Wie realistisch ist eine Rendite von 7 % p.a. für ETF-Sparpläne?+
Der MSCI World hat seit seiner Auflegung 1969 eine durchschnittliche jährliche Rendite von rund 8–9 % nominal erzielt (in USD; in EUR etwas weniger). Nach Inflation ergibt sich eine reale Rendite von 5–7 % p.a. Für Prognosen werden häufig 7 % p.a. nominal als konservativer Planungswert genutzt. Vergangene Renditen garantieren keine zukünftigen Ergebnisse; kurzfristig können starke Schwankungen auftreten.
Was ist die Vorabpauschale und wie wirkt sie sich auf meinen ETF-Sparplan aus?+
Die Vorabpauschale ist eine Mindestbesteuerung für thesaurierende ETFs in Deutschland. Sie wird jedes Jahr am 1. Januar auf Basis des Basiszinses (2025: ca. 2,53 %) berechnet: Vorabpauschale = Fondswert zu Jahresbeginn × Basiszins × 0,7 × Teilfreistellung. Darauf fällt Abgeltungsteuer an. Der Sparerpauschbetrag (1.000 €/Jahr für Einzelpersonen, 2.000 € für Ehepaare) wird angerechnet und deckt für kleine Depots oft die vollständige Vorabpauschale ab.
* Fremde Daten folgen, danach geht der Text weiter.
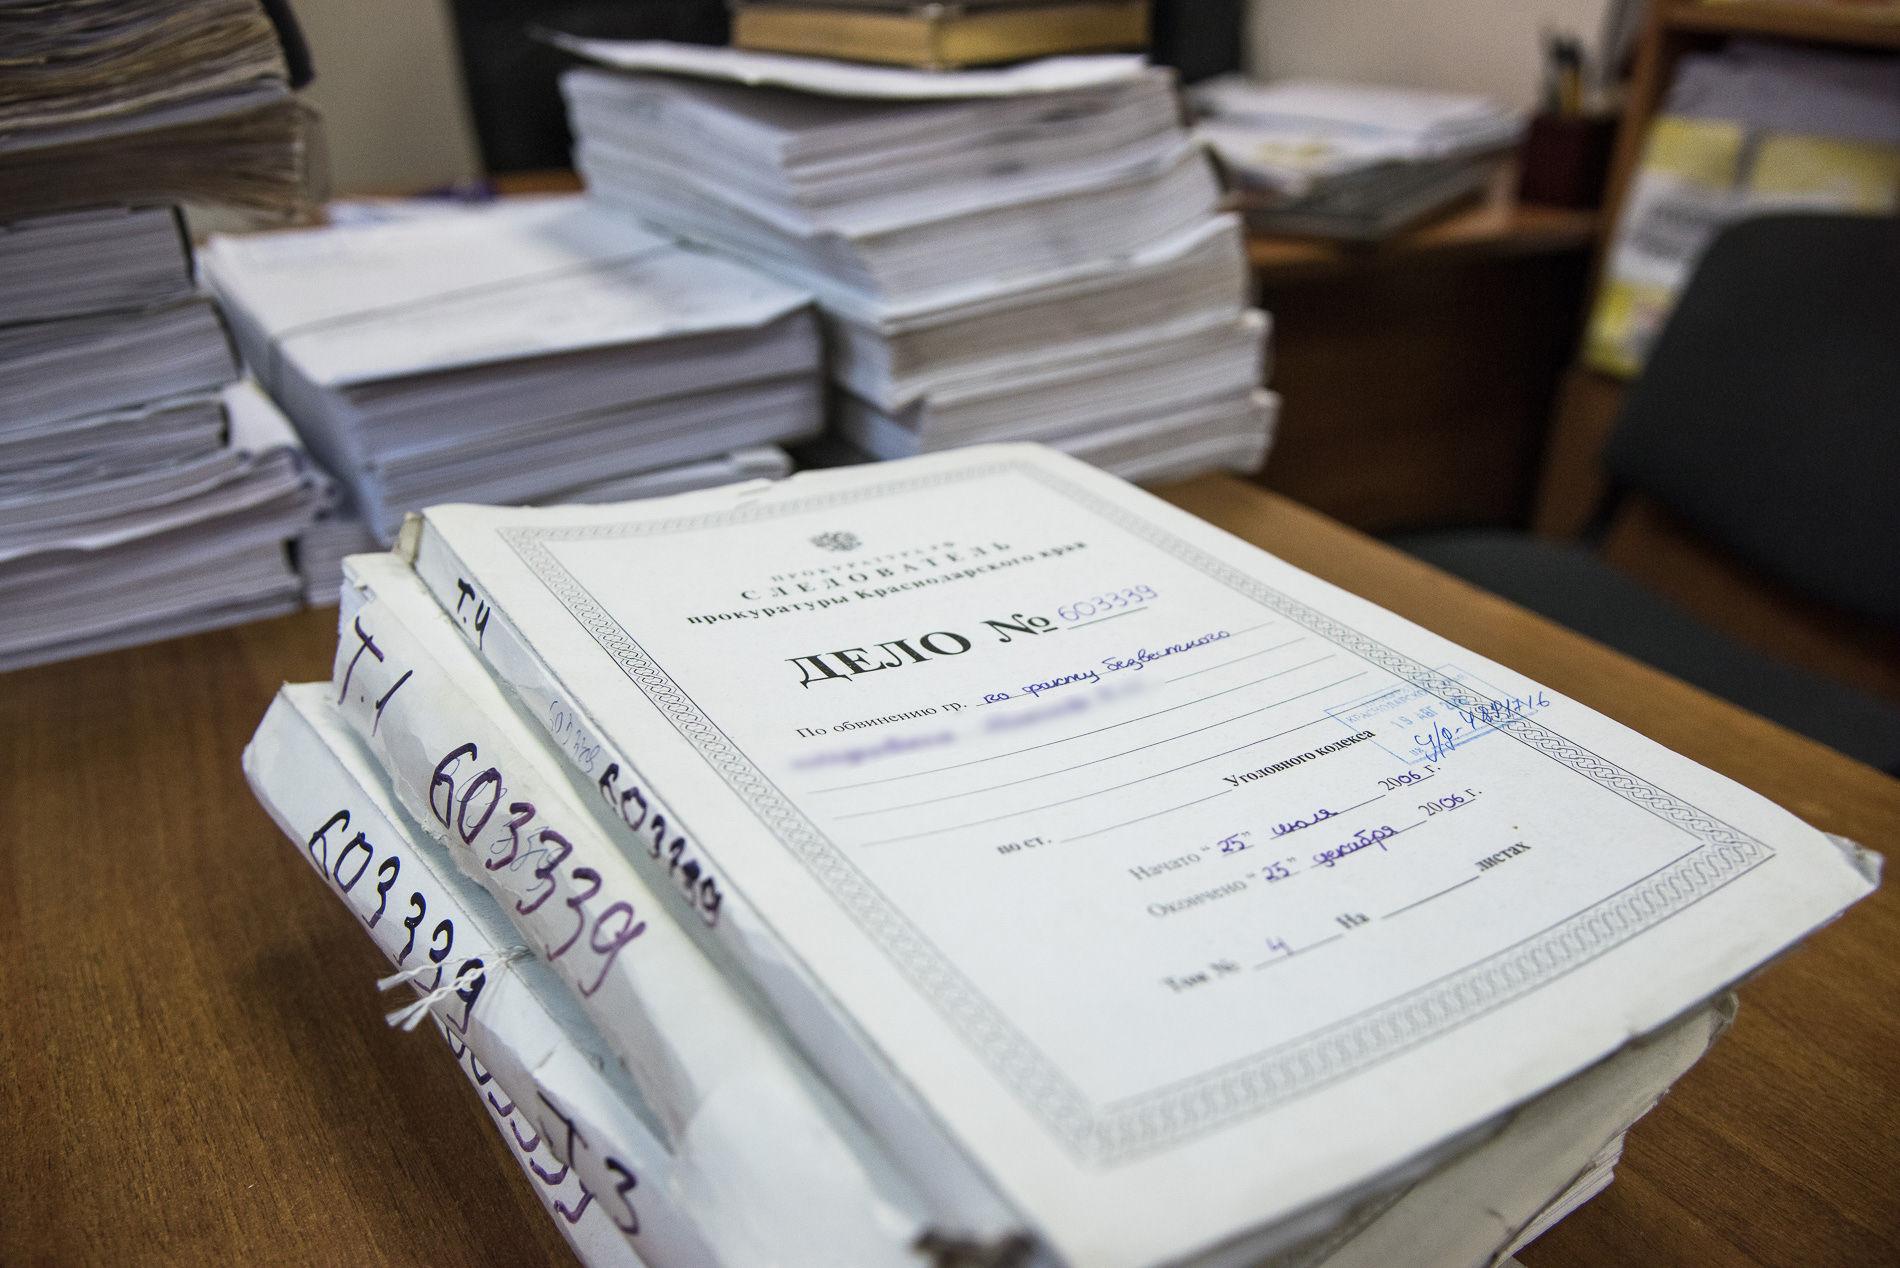 Гражданин Владикавказа скончался впроцессе операции из-за ошибки хирурга

Thesaurierend oder ausschüttend: Welcher ETF-Typ ist besser?+
Thesaurierende ETFs reinvestieren Dividenden automatisch, was den Zinseszinseffekt maximiert. Ausschüttende ETFs zahlen Dividenden regelmäßig aus und eignen sich für alle, die laufende Einnahmen wünschen. Steuerlich sind beide Typen durch die Vorabpauschale annähernd gleichgestellt. Für langfristigen Vermögensaufbau empfehlen viele Experten thesaurierende ETFs wegen des höheren Zinseszinseffekts.